Застыл столбом, несколько ошарашено глядя в её лицо, больше походившее на гримасу из-за натиска слёз, что она всеми силами сдерживала. Вдох-выдох, но в голове продолжал разрастаться вакуум, лишенный мыслей, за которые можно было бы зацепиться.
Глядя ей в глаза, в которых ничего кроме слёз уже не разглядеть, выдавил по слову:
– Я не знаю, как это сделать.
– Я не знаю, как это сделать правильно и менее болезненно. Если такое, конечно, вообще, возможно, – усмехнулась тёща горько. – Но я восприняла это как отклеивание лейкопластыря: отклеивать по чуть-чуть и часто останавливаться на передышки между подходами – только увеличивает и растягивает боль; но если рвать одним резким движением, то… – снова возвела взгляд к потолку, шумно выдохнула и поджала губы. – … тоже больно. Очень больно, Паша. Но так кажется проще.
– Может, не стоит касаться этого пластыря, если не известен способ оторвать его безболезненно?
– Нужно, Паша. Нужно, – выражение лица напротив приобрело привычную холодную собранность. Белый платок, которым она торопливо утерла слезы в уголках глаз, быстро исчез в кожаной сумке. – Нам всем давно пора её отпустить. Мы уже достаточно долго её держим и надеемся на то, чего не случится уже никогда.
– Это больше напоминает выселение, нежели отпущение.
Опустив голову, словно вымеряя между нашими ногами расстояние, тёща сделала два мелких шажочках и остановилась в считанных миллиметрах от моих босых ног.
– Машу невозможно будет выселить, и ты это знаешь, Паша. Она навсегда останется у тебя и у всех, кто её любил и любит, здесь, – ткнула она в мой лоб кончиком пальца. – И здесь, – теплая, почти горячая ладонь легла мне на грудь слева и почти сразу исчезла, словно она докоснулась до прокаженного.
– И давно вы такая просветленная?
– Пришлось обратиться к специалисту. Потому что сама я бы с этим не справилась. Спасибо подругам – подсказали и почти силой притащили в то кресло. Ты не представляешь, как простой разговор может изменять картину жизни. Могу дать и тебе адрес и номер своего психолога, – женская рука нырнула в сумку.

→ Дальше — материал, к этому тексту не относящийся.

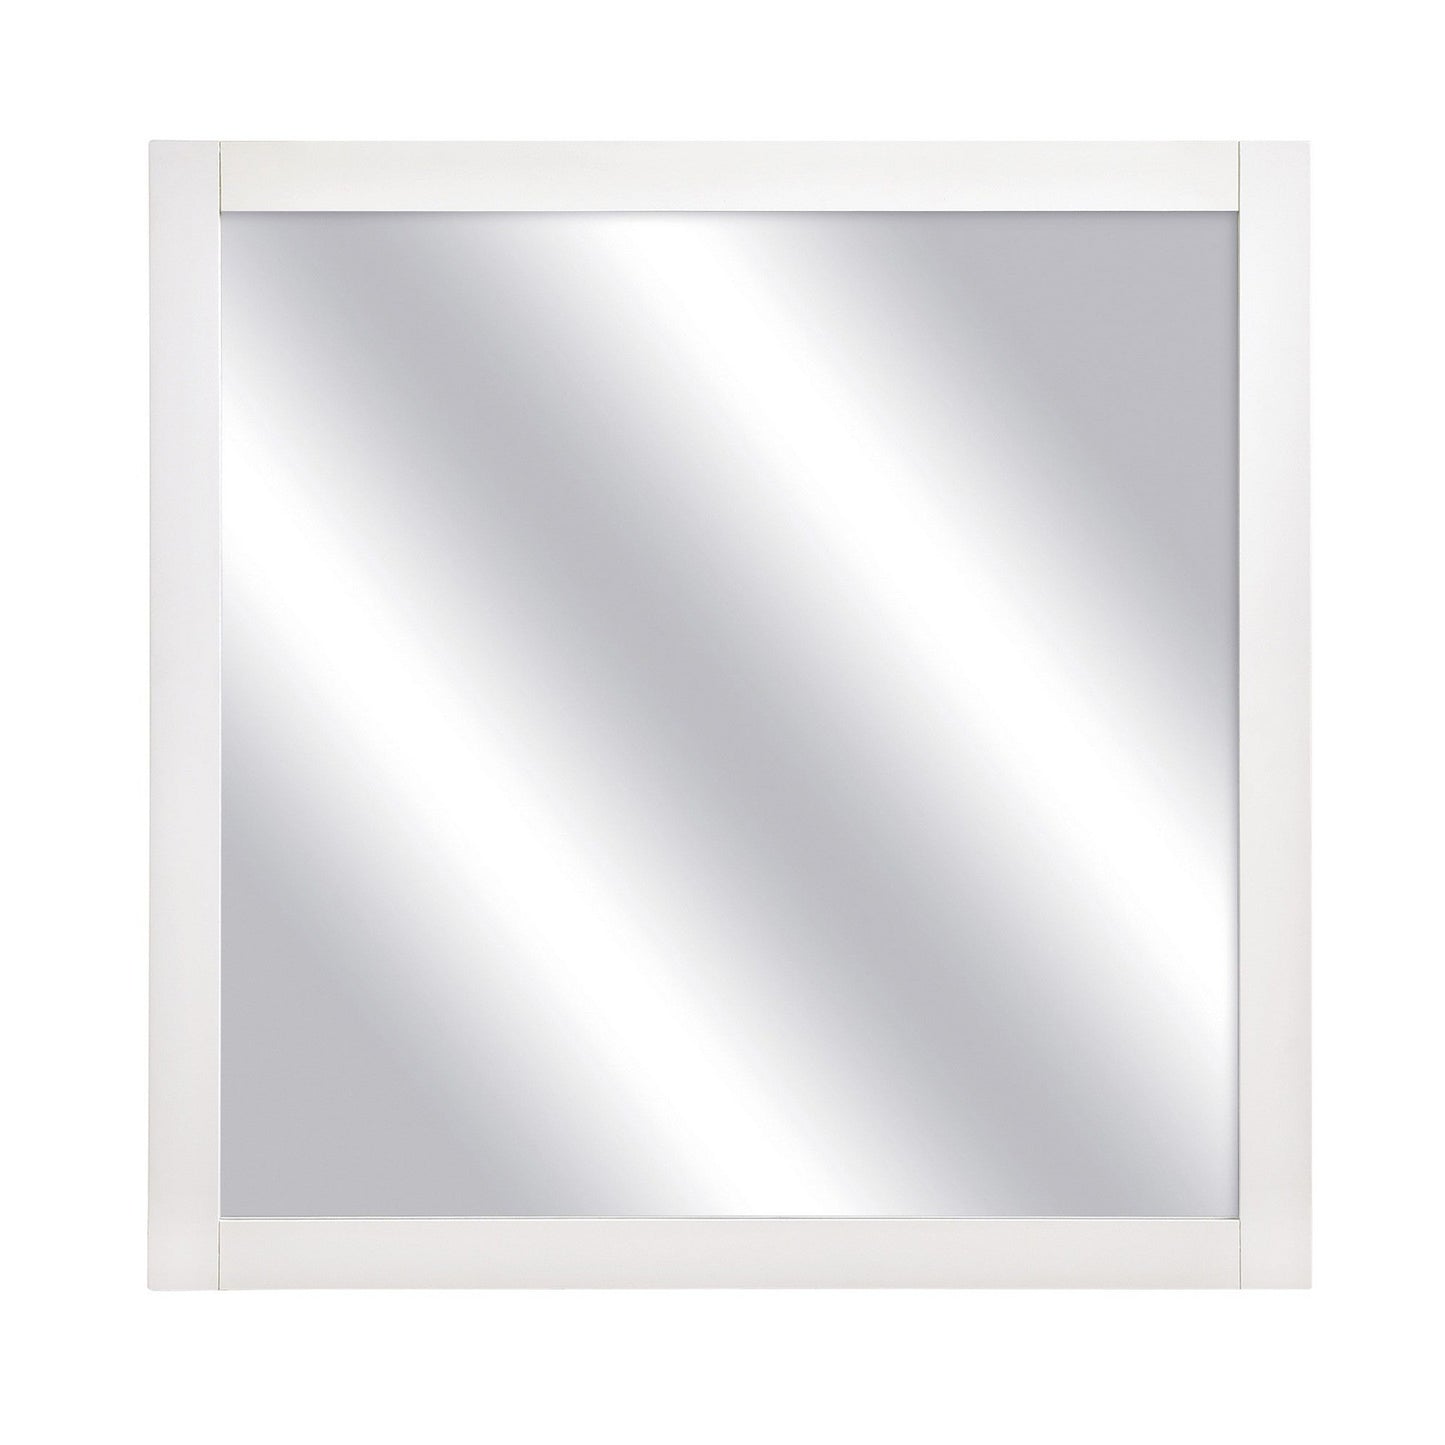 Benzara White and Silver Square Shape Wooden Frame Mirror With Mounting Hardware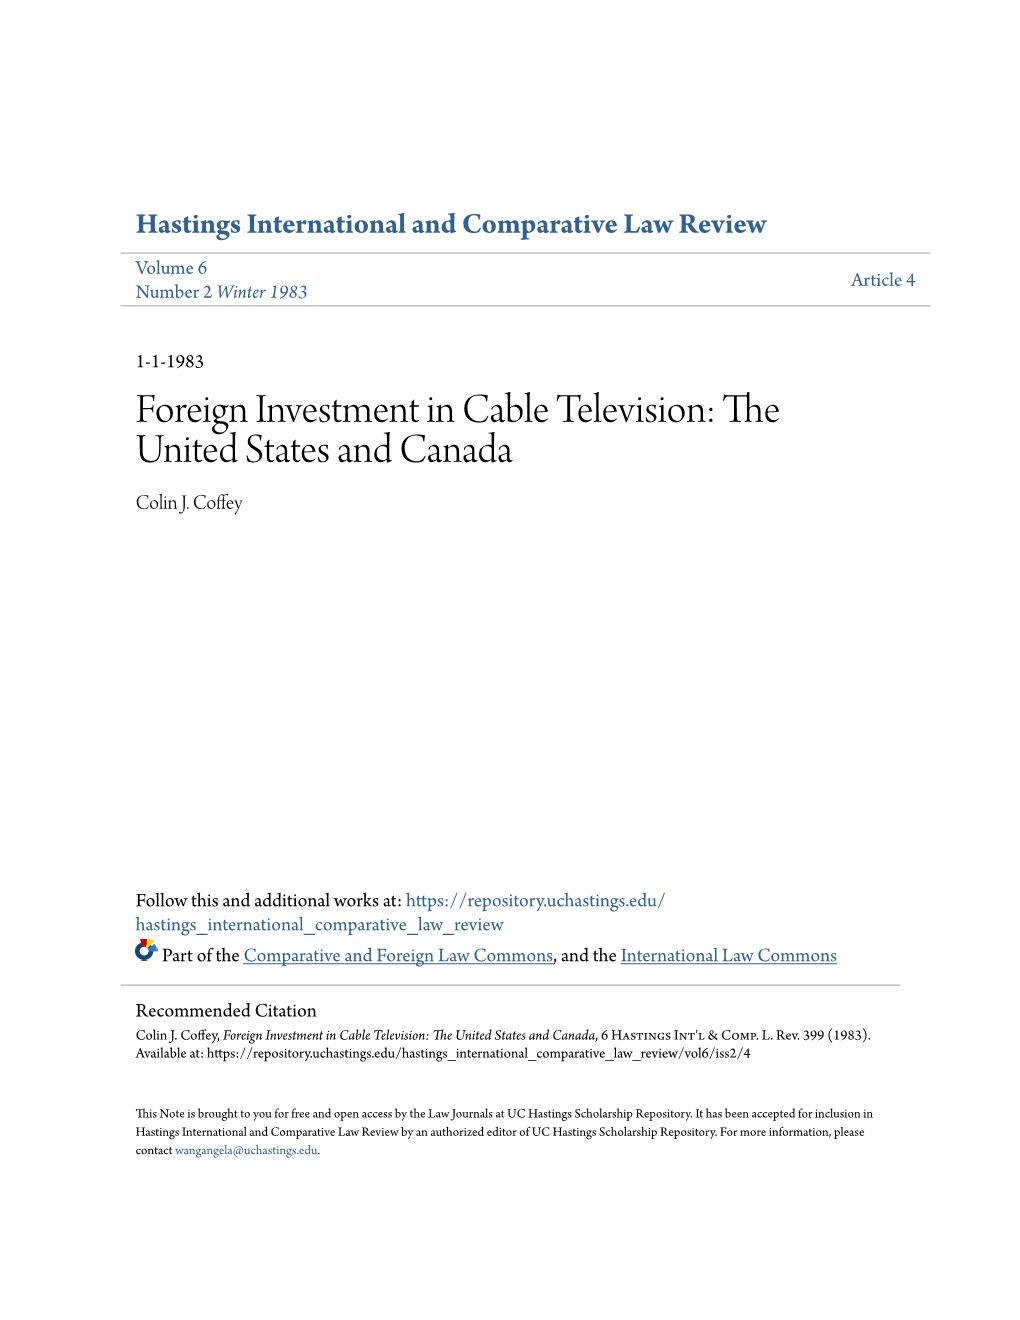 Foreign Investment in Cable Television: the United States and Canada Colin J

– Я не хочу, чтобы моей картины кто-то касался. Пусть останется музейным экспонатом провинциального, никому неинтересного музея.
– Как знаешь, – тёща перестала копошиться в закромах своей кожаной сумки и вернула руки на её ремни. – Катя сегодня останется у нас с ночёвкой до завтрашнего вечера. В твоем распоряжении почти сутки на то, чтобы хотя бы попробовать собрать Машины вещи для доброго дела. В двадцатых числах декабря мы хотим увезти их в центр помощи.
– Ба, я всё! – в кухню заскочила Катя с рюкзаком на узком плече. С разбегу упала на колени перед Мультом и, подхватив его на руки, поднесла к лицу. – Мультик, я вернусь завтра вечером, а ты охраняй папу, – затем отпустила его, выпрямилась и подняла на меня неожиданно строгий взгляд. – А ты, папа, корми его нормально. И сам тоже ешь.
– Посмотрим, – ответил я расплывчато и услышал вздох снисхождения.
– Ладно, ба, пошли.
– Куртку-то с сапогами надень, – бросила тёща ей в спину и снова заострила внимание на мне, чтобы вкрадчиво сказать напоследок. – Так надо, Паша.
– Посмотрим, – ответил и ей, тем самым избавляя себя от размазывания её соплей по тонкому хрупкому стеклу, из которого состояло моё терпение прямо сейчас.
Входная дверь захлопнулась. В квартире остались только я и пёс, который, казалось, решил отоспаться за всю эту ночь, во время которой с тихим рычанием и повизгиванием мучил свою резиновую курицу у порога комнаты, в которой я пытался уснуть.